Before Chief Justice Rose, Justices Baker and Triana
Gisela D. Triana, Justice The State of Texas appeals the trial court's order granting the motion to suppress filed by appellee Patrick W. Colby, who was charged, following a traffic stop, with the misdemeanor offense of driving while intoxicated. In a single issue on appeal, the State argues that the trial court abused its discretion in granting the motion to suppress. We will affirm the trial court's order.

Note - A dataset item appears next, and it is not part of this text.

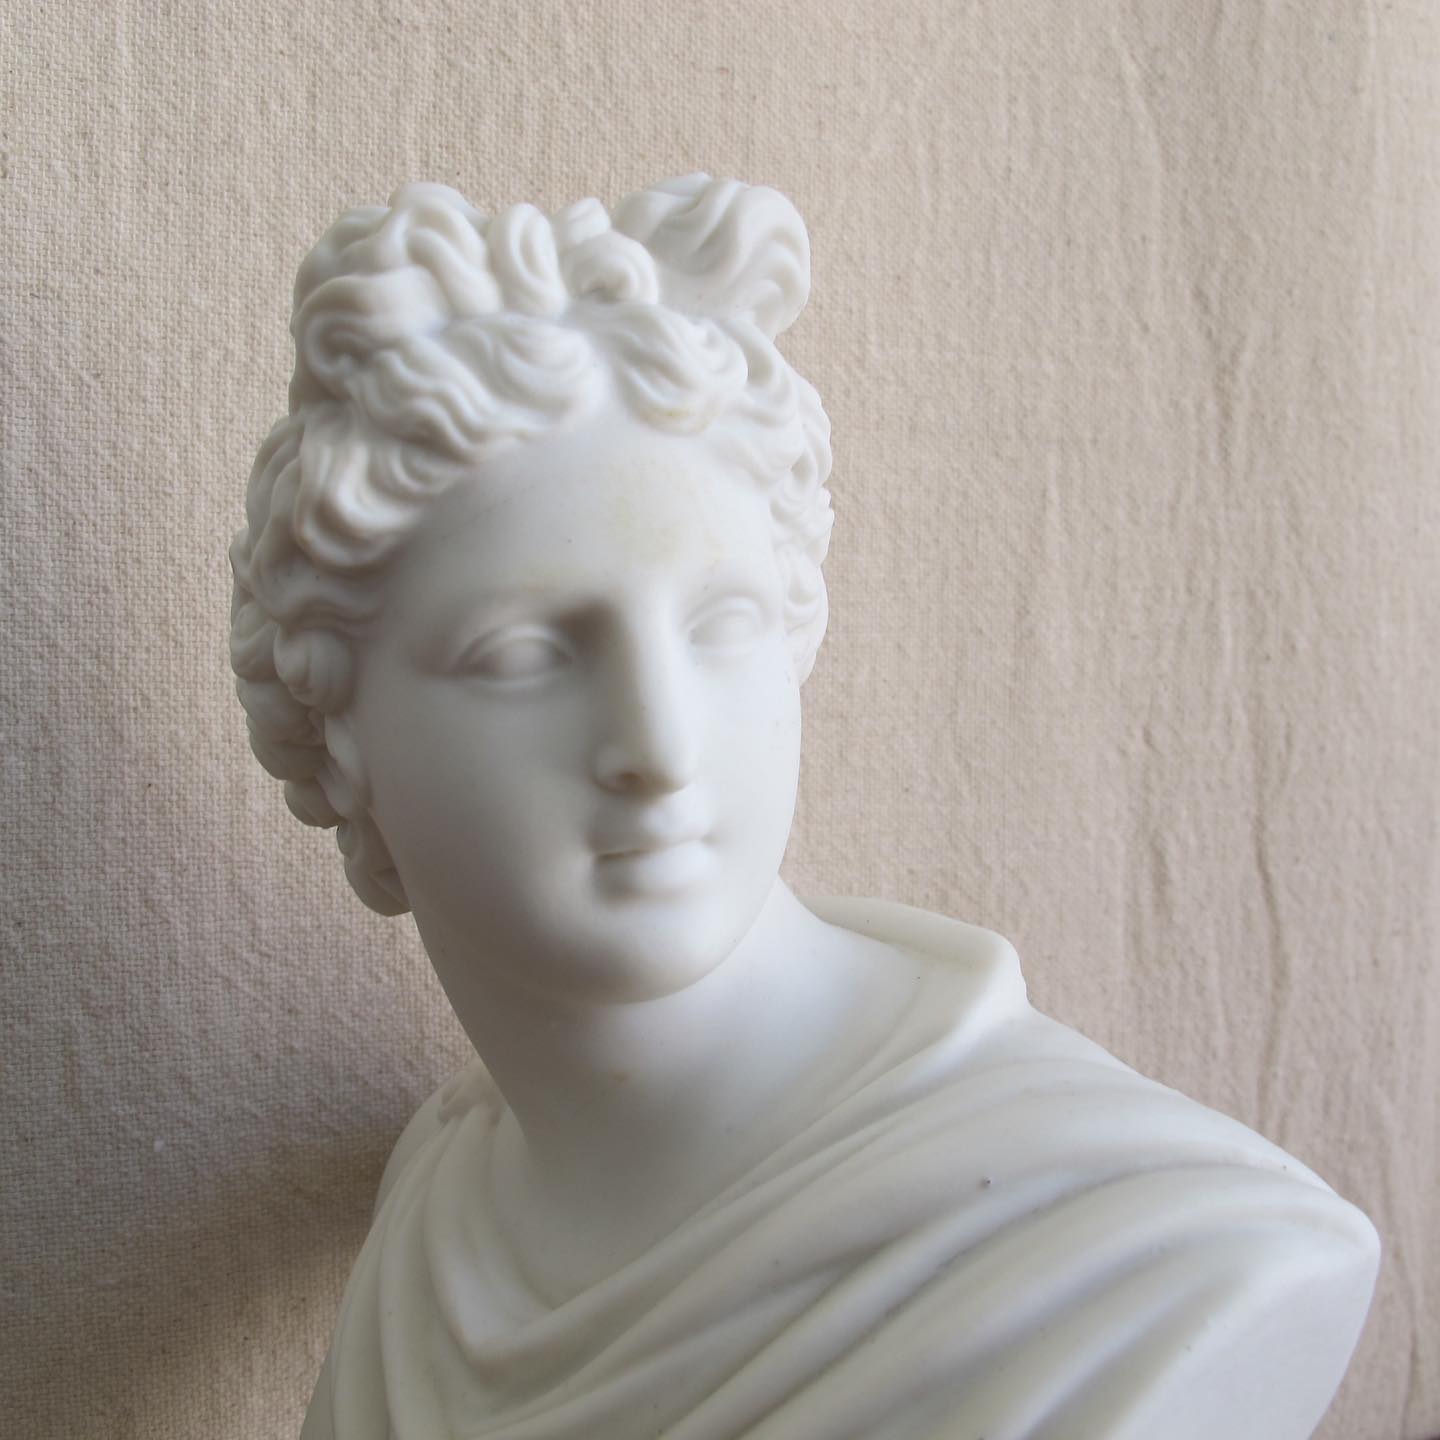 Apollo Belvedere Parian Grand Tour antique bust

At the hearing on the motion to suppress, Officer Jeremy Garza of the Lakeway Police Department testified that on the night of September 22, 2017, he was on patrol when he approached the intersection of Blue Clearing Way and Highlands Boulevard. Garza explained that Highlands Boulevard is a four-lane roadway, with two northbound and two southbound lanes separated by a median. Blue Clearing Way is a two-lane roadway, with one eastbound and one westbound lane. Officer Garza was driving east on Blue Clearing Way, which had a stop sign at the intersection. Garza acknowledged that he did not come to a complete stop until he was beyond the stop sign, although he disagreed with defense counsel's claim that he was "pretty far out" in the intersection when he stopped. He explained that he stopped beyond the sign to get a better view of cross traffic:
So due to the area, there is a lot of landscape, foliage. Some areas have brick walls. So it's very hard to see—when you stop at the stop sign to see if the actual intersection is actually clear to enter. So you do have to proceed forward without breaking the plane of the intersection to ensure it is safe to turn and make sure you are not going to be involved in a collision, essentially, for failing to yield right-of-way.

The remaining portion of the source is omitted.